▶ [STORED DATA]:
• • • •

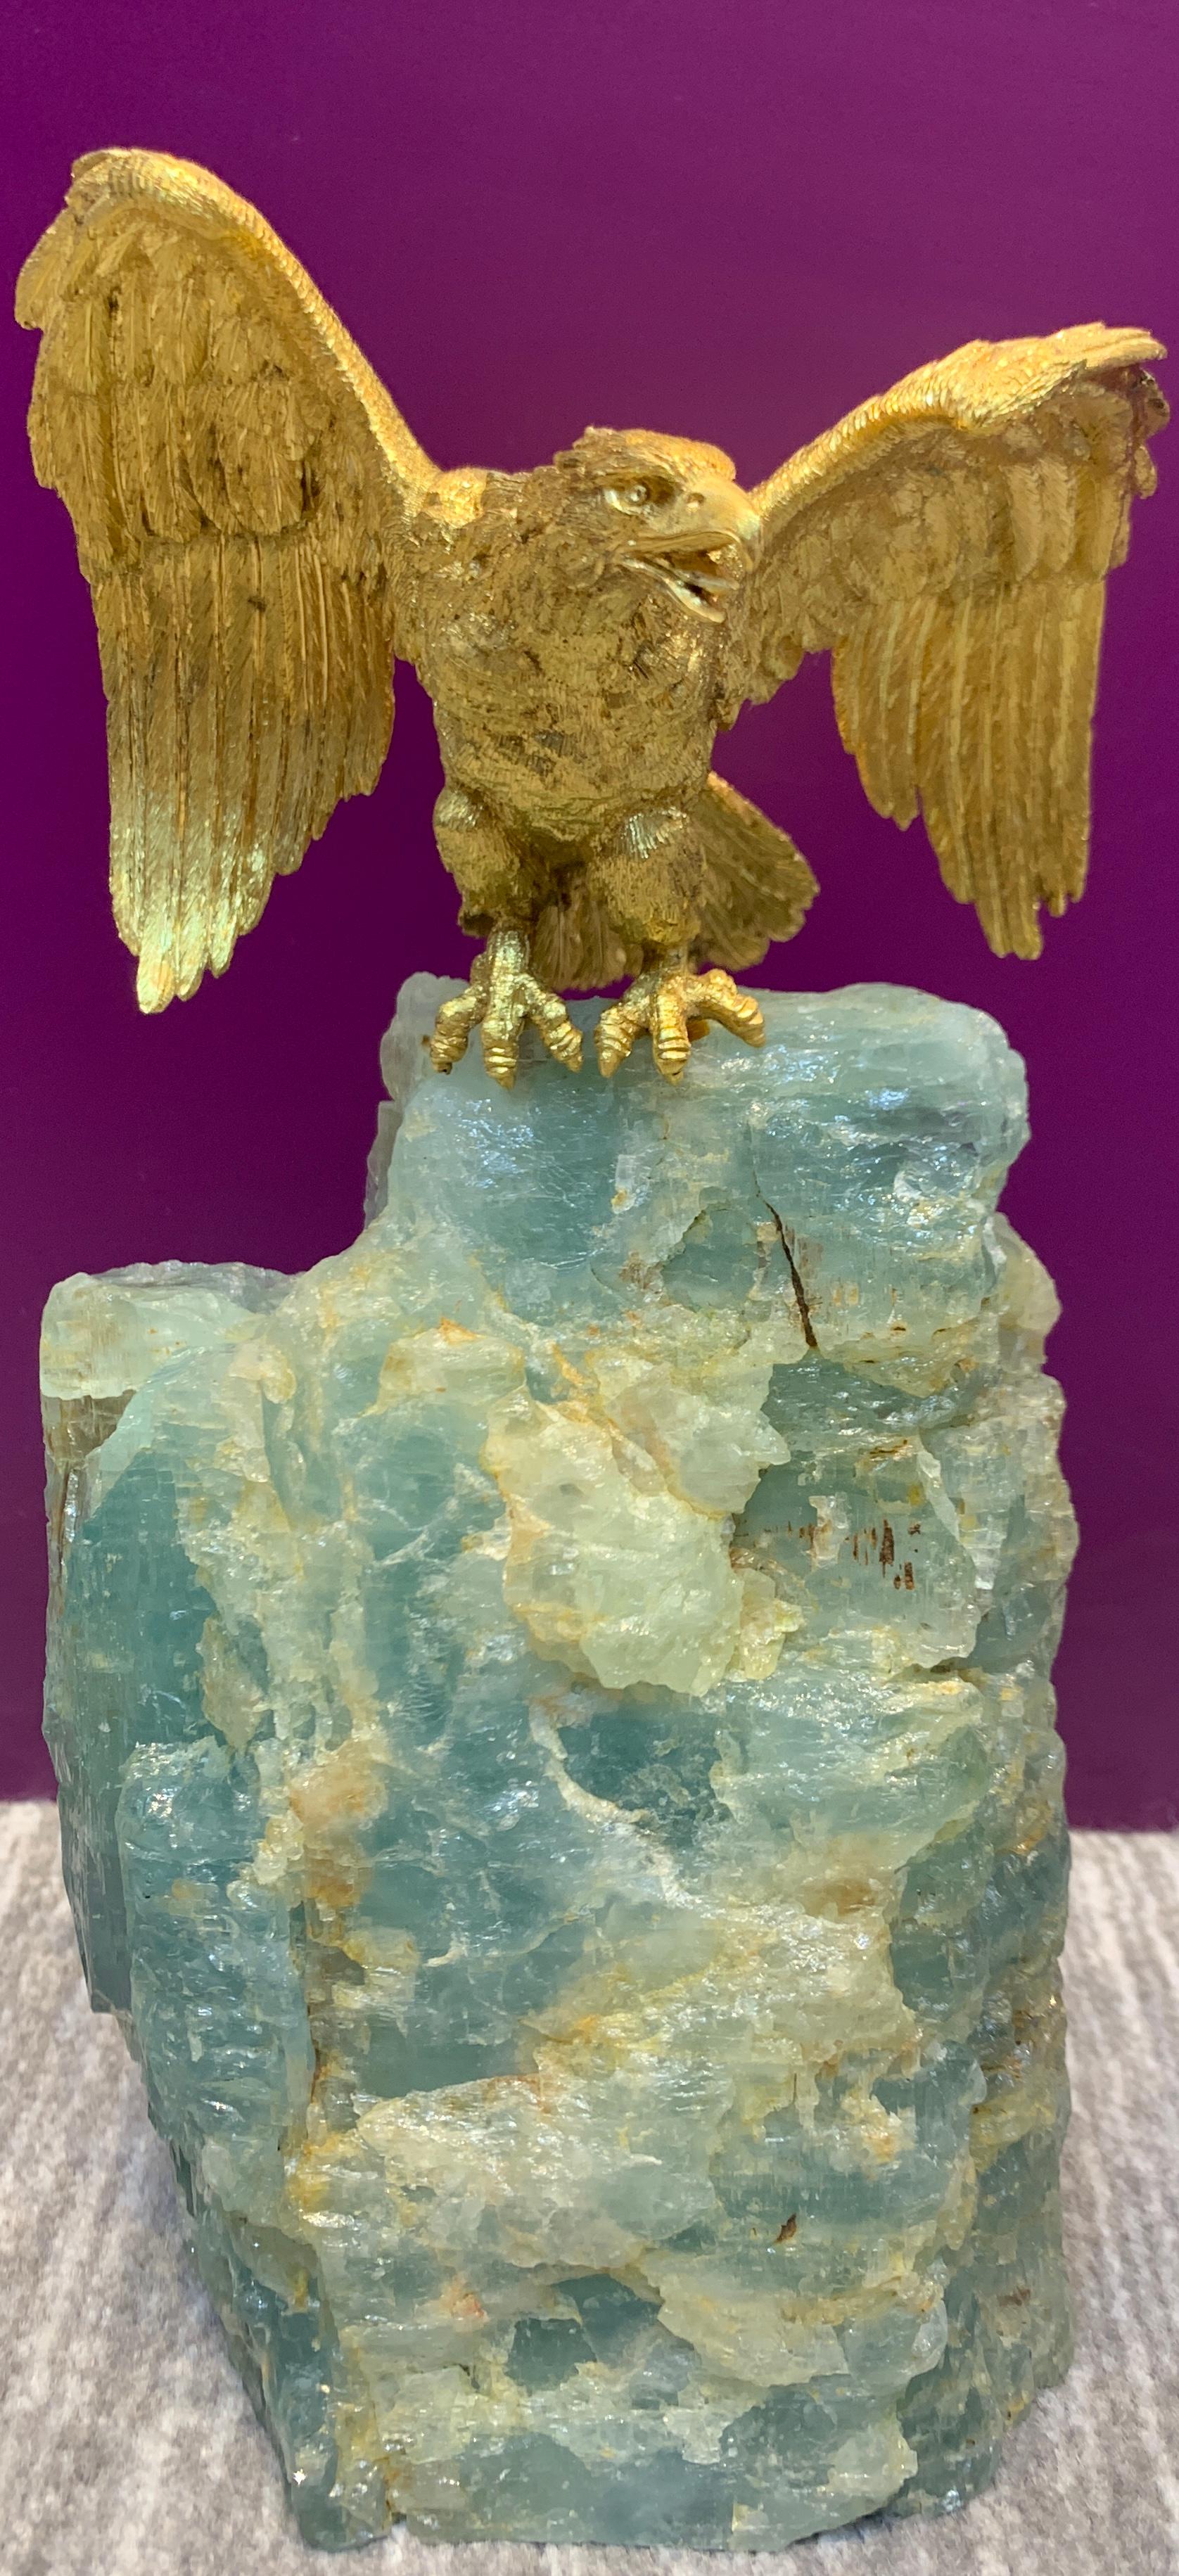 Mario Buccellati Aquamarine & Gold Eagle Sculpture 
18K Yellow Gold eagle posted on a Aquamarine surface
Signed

• • • •

▶ [PROBLEM STATEMENT]: Look above for the line that contains "18K Yellow Gold". That line and every line after it through the end of the data must be written out exactly, with nothing else.

▶ [WRITTEN SOLUTION]:
18K Yellow Gold eagle posted on a Aquamarine surface
Signed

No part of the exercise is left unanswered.